# What needs to be done
Leave out pictures; repeat exactly the lines from the "Incredibly easy and" line through the last of the data below.

# Dataset section
####

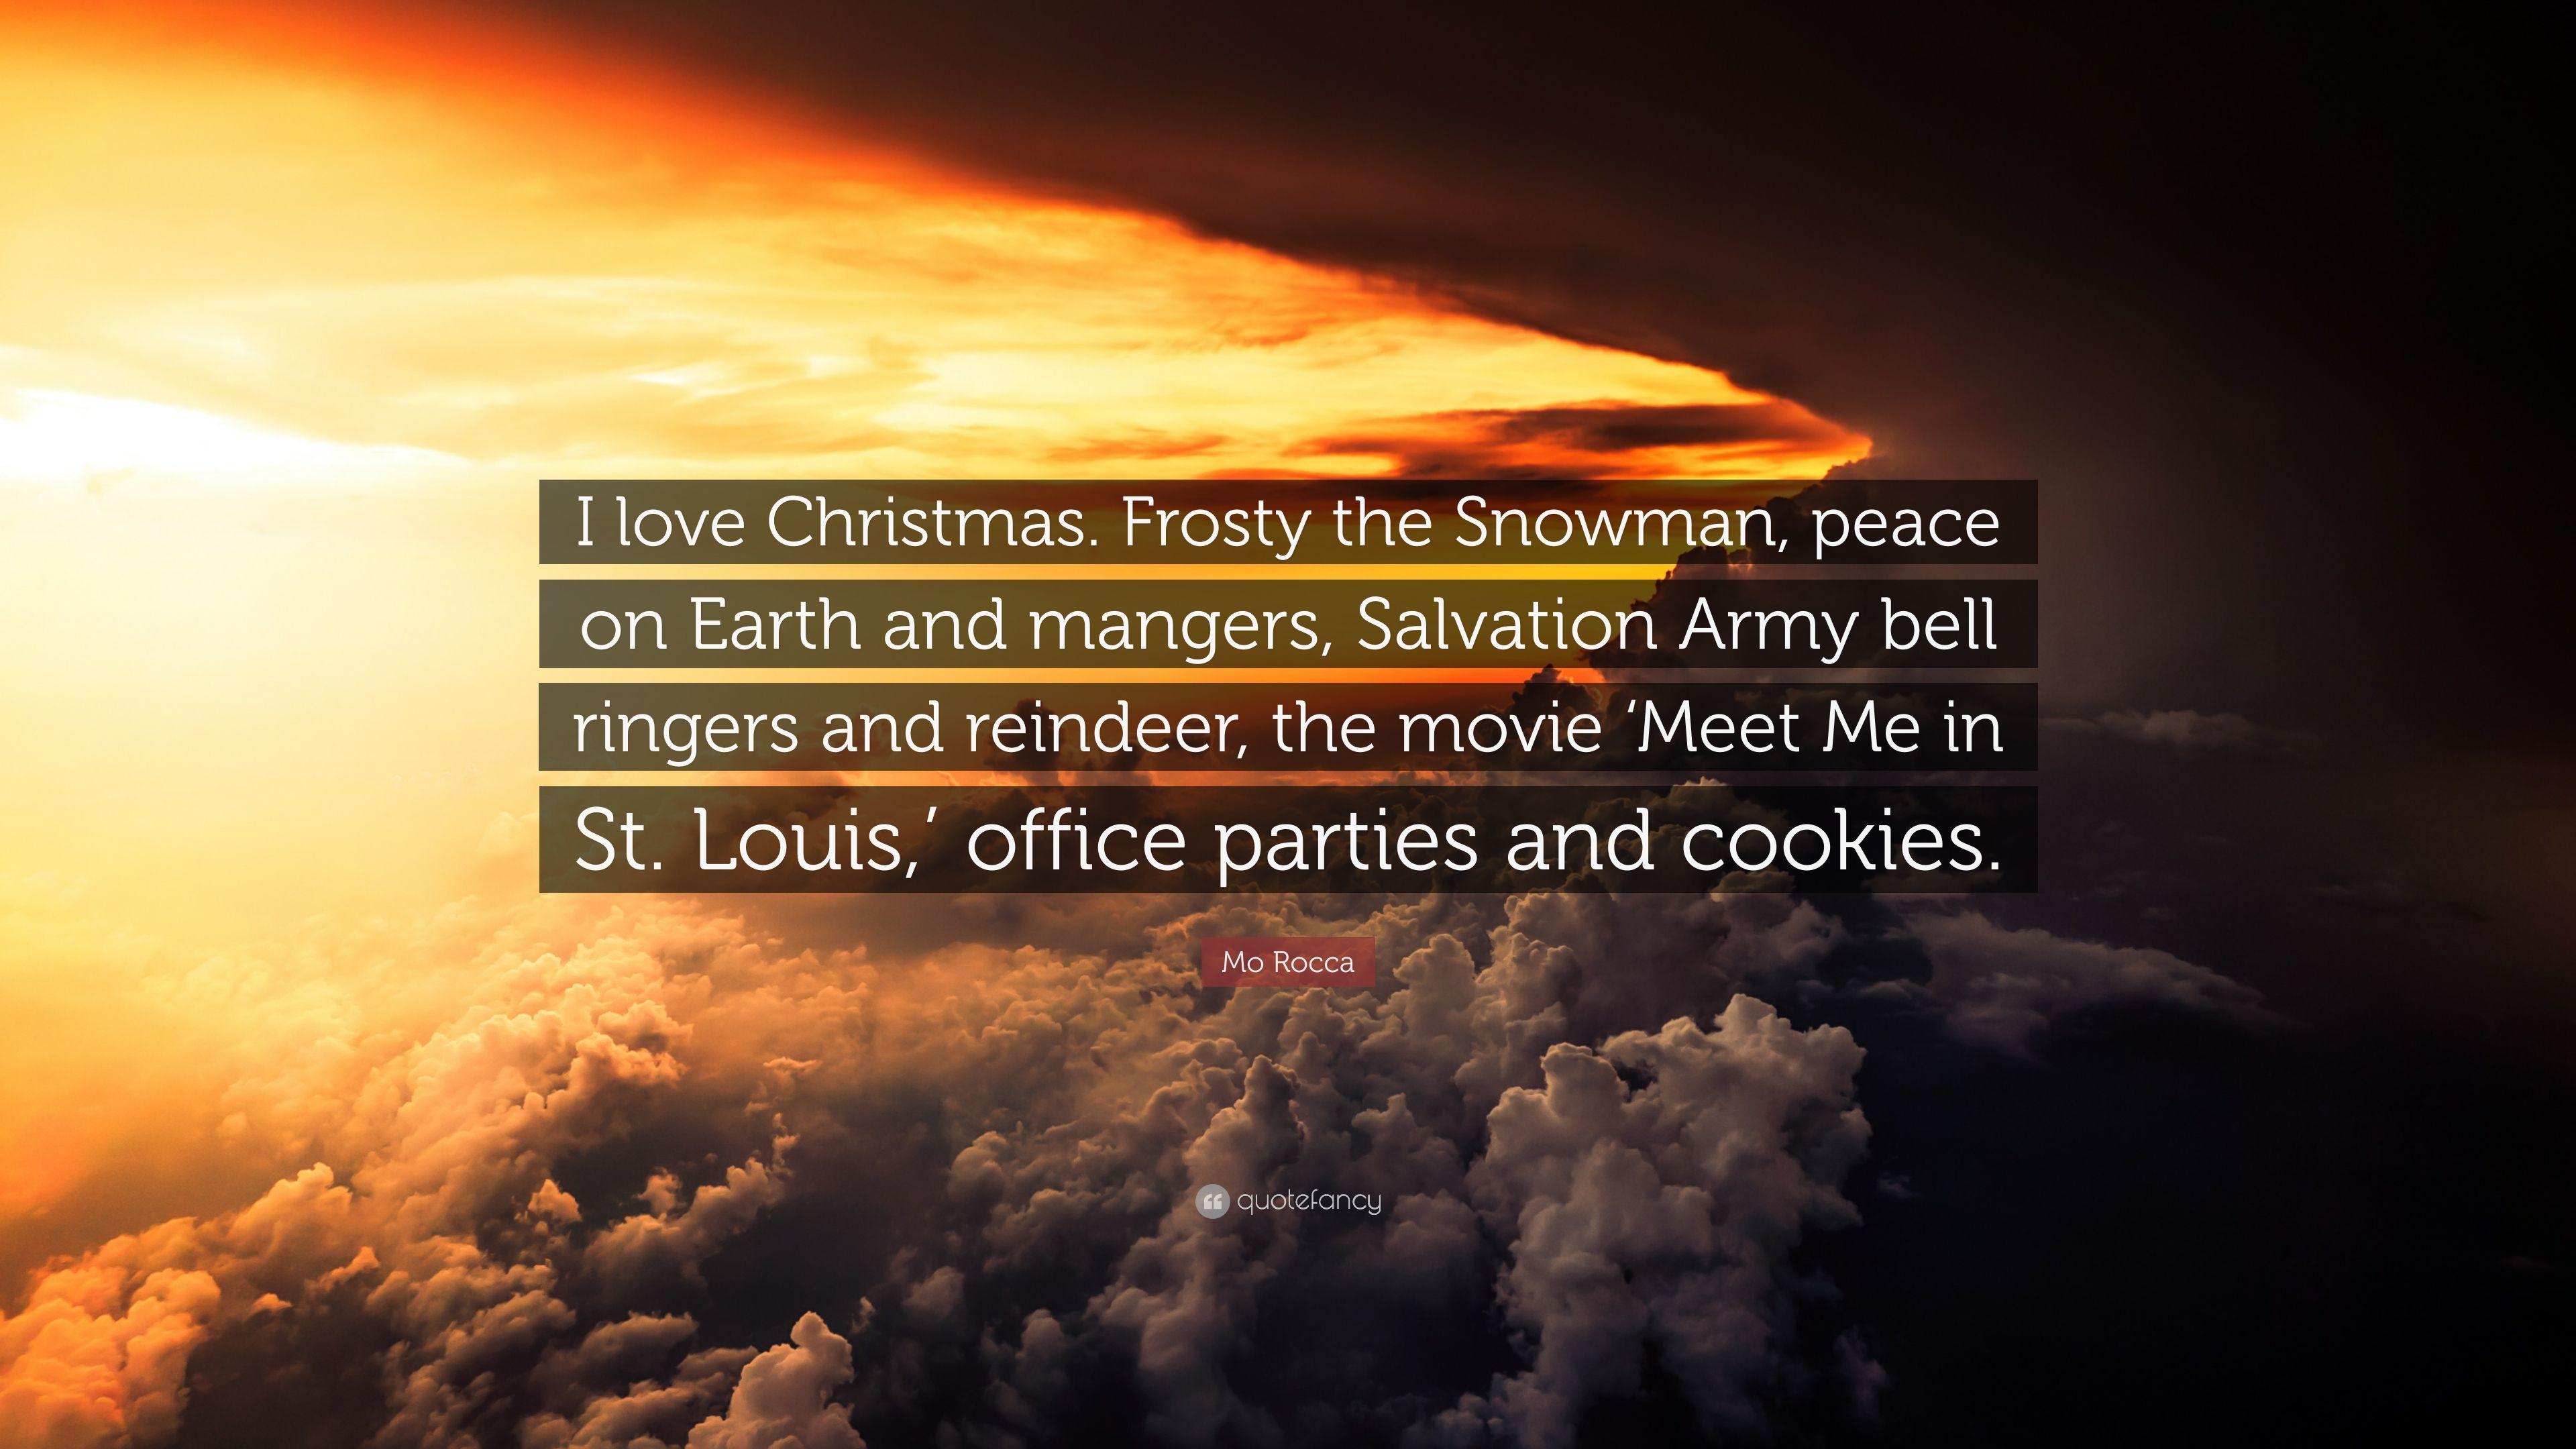 Mo Rocca Quote: “I love Christmas. Frosty the Snowman, peace
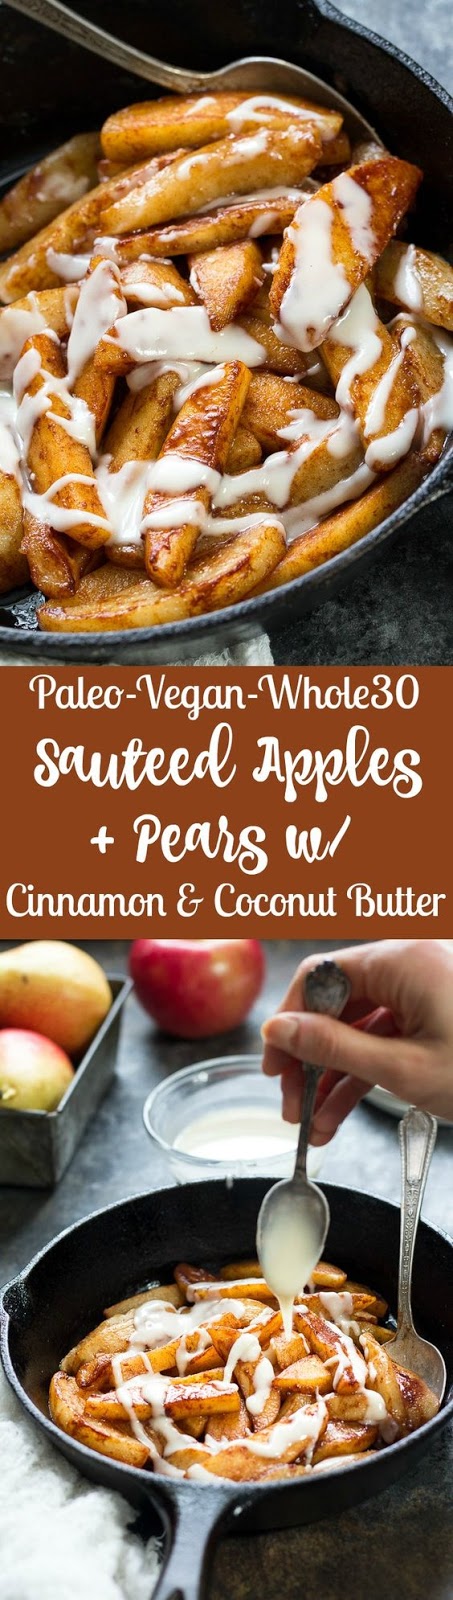 Incredibly easy and delicious Sautéed Apples & Pears with Cinnamon and Coconut Butter that's Paleo, Vegan, and Whole30 compliant. No added sugar or sweeteners, dairy free, gluten free.
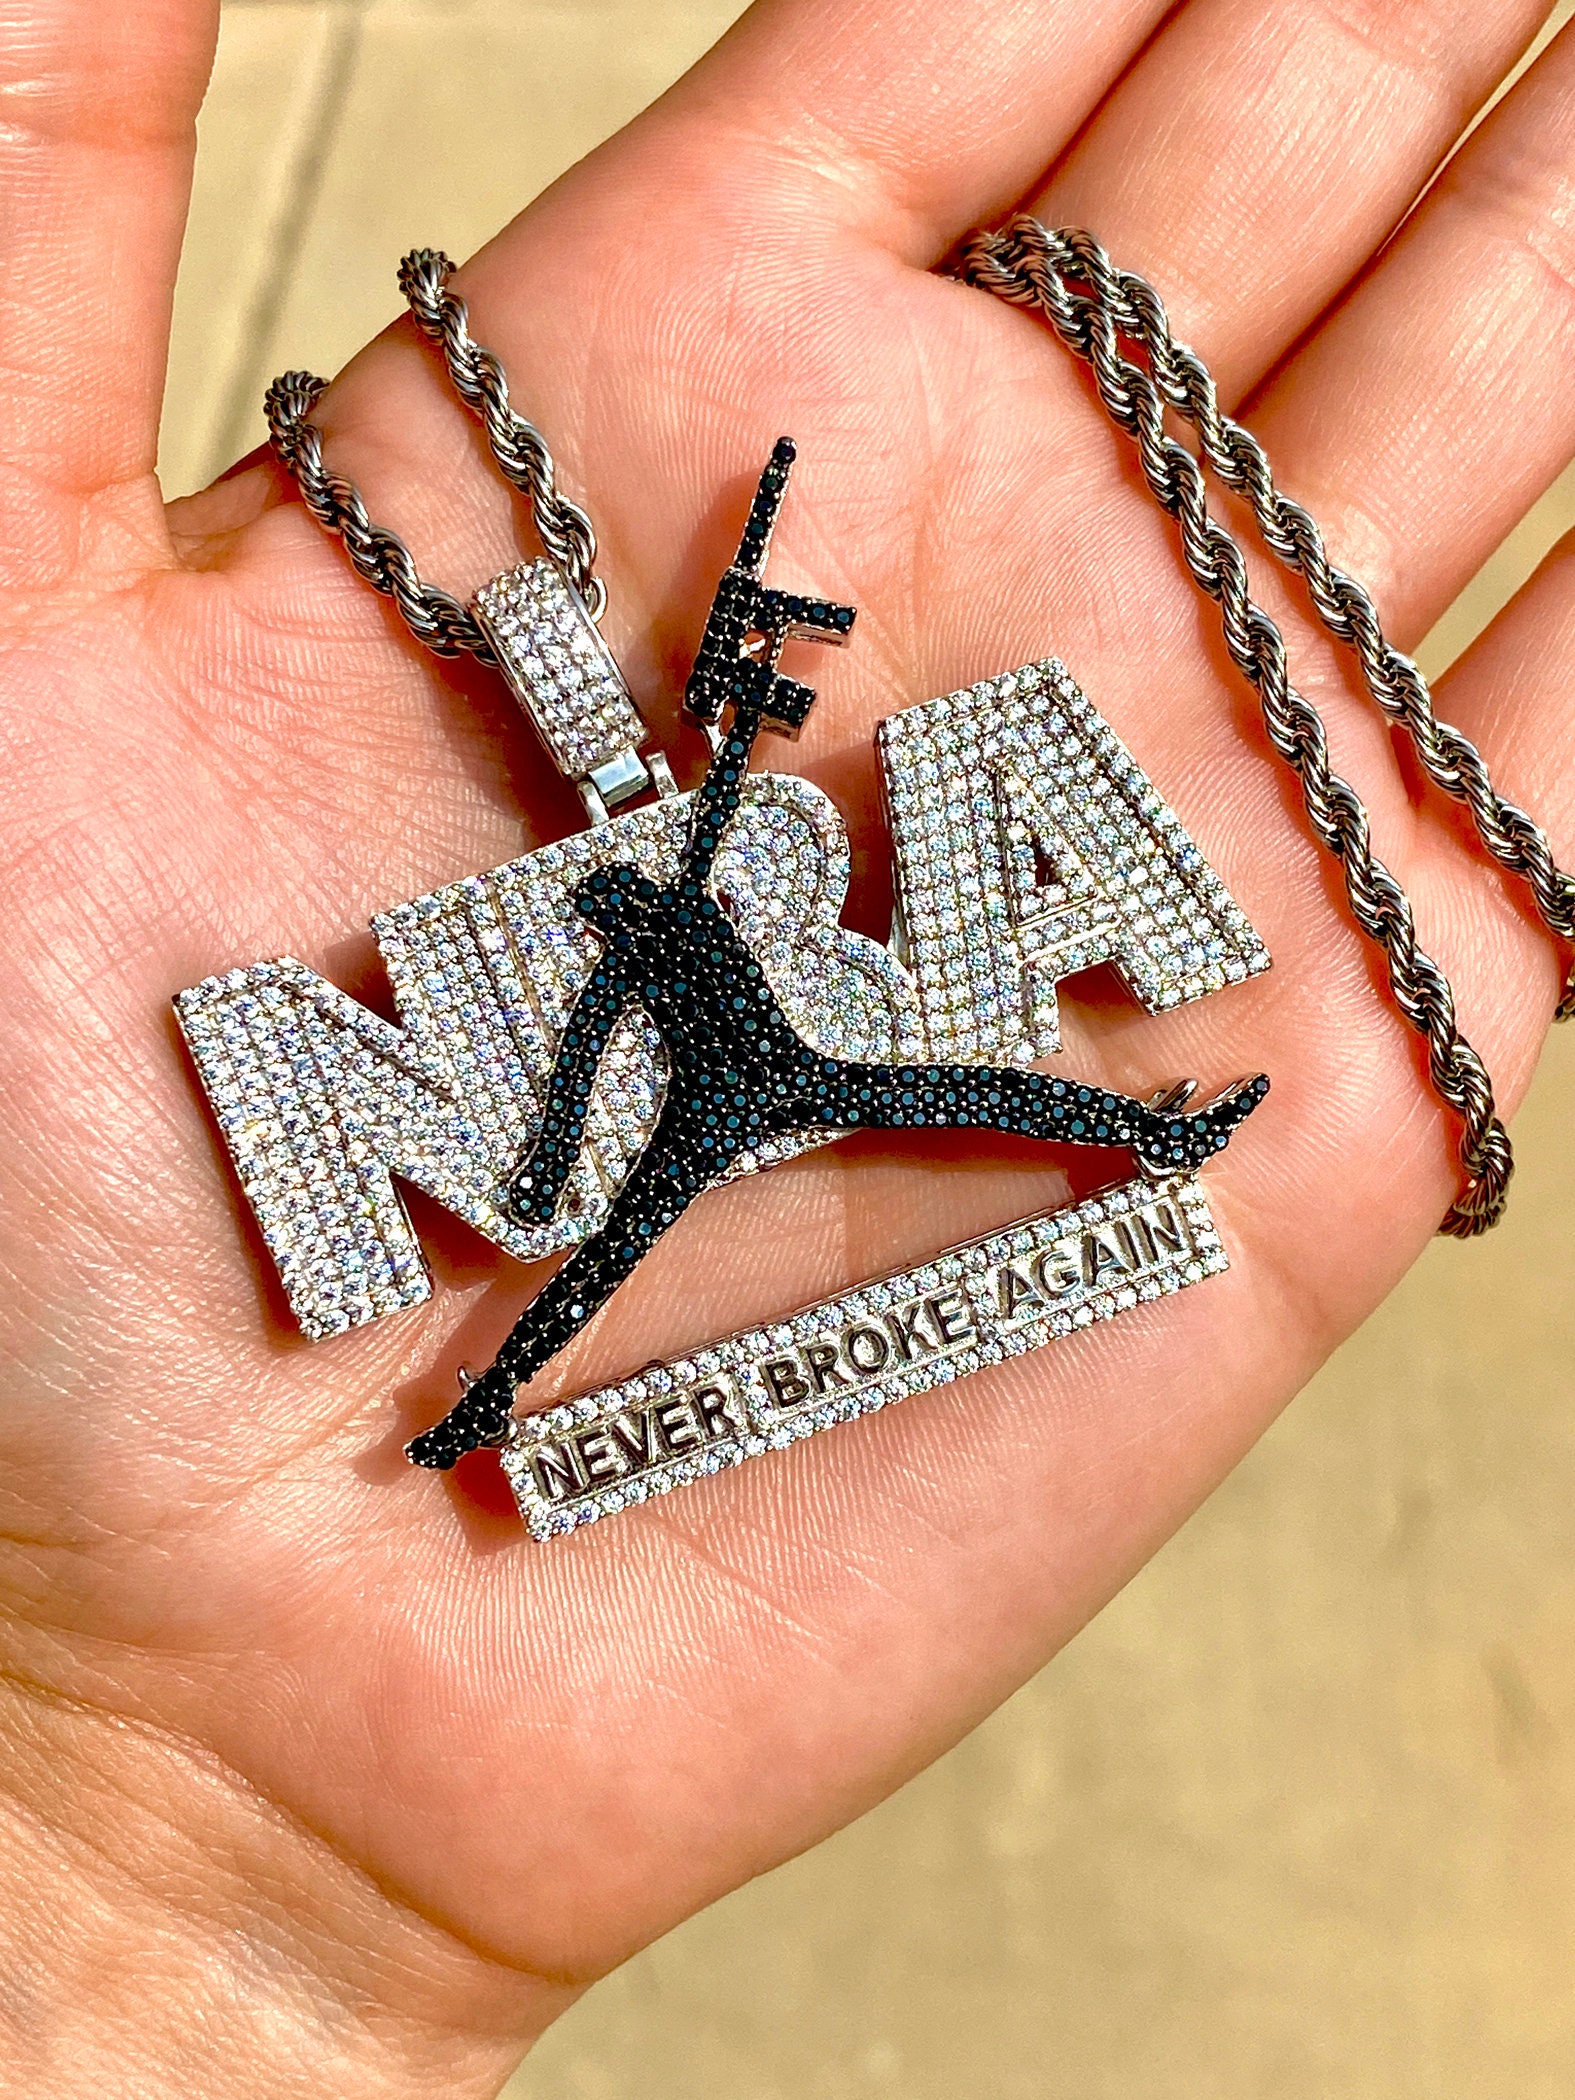 NBAYoungboy 's new two tone, fully flooded, reversible Heart Pendant with  with a unique custom lock clasp paired with a two tone infinity link chain  💎, By Shyne Jewelers

####

# Response below
 Incredibly easy and delicious Sautéed Apples & Pears with Cinnamon and Coconut Butter that's Paleo, Vegan, and Whole30 compliant. No added sugar or sweeteners, dairy free, gluten free.
 NBAYoungboy 's new two tone, fully flooded, reversible Heart Pendant with  with a unique custom lock clasp paired with a two tone infinity link chain  💎, By Shyne Jewelers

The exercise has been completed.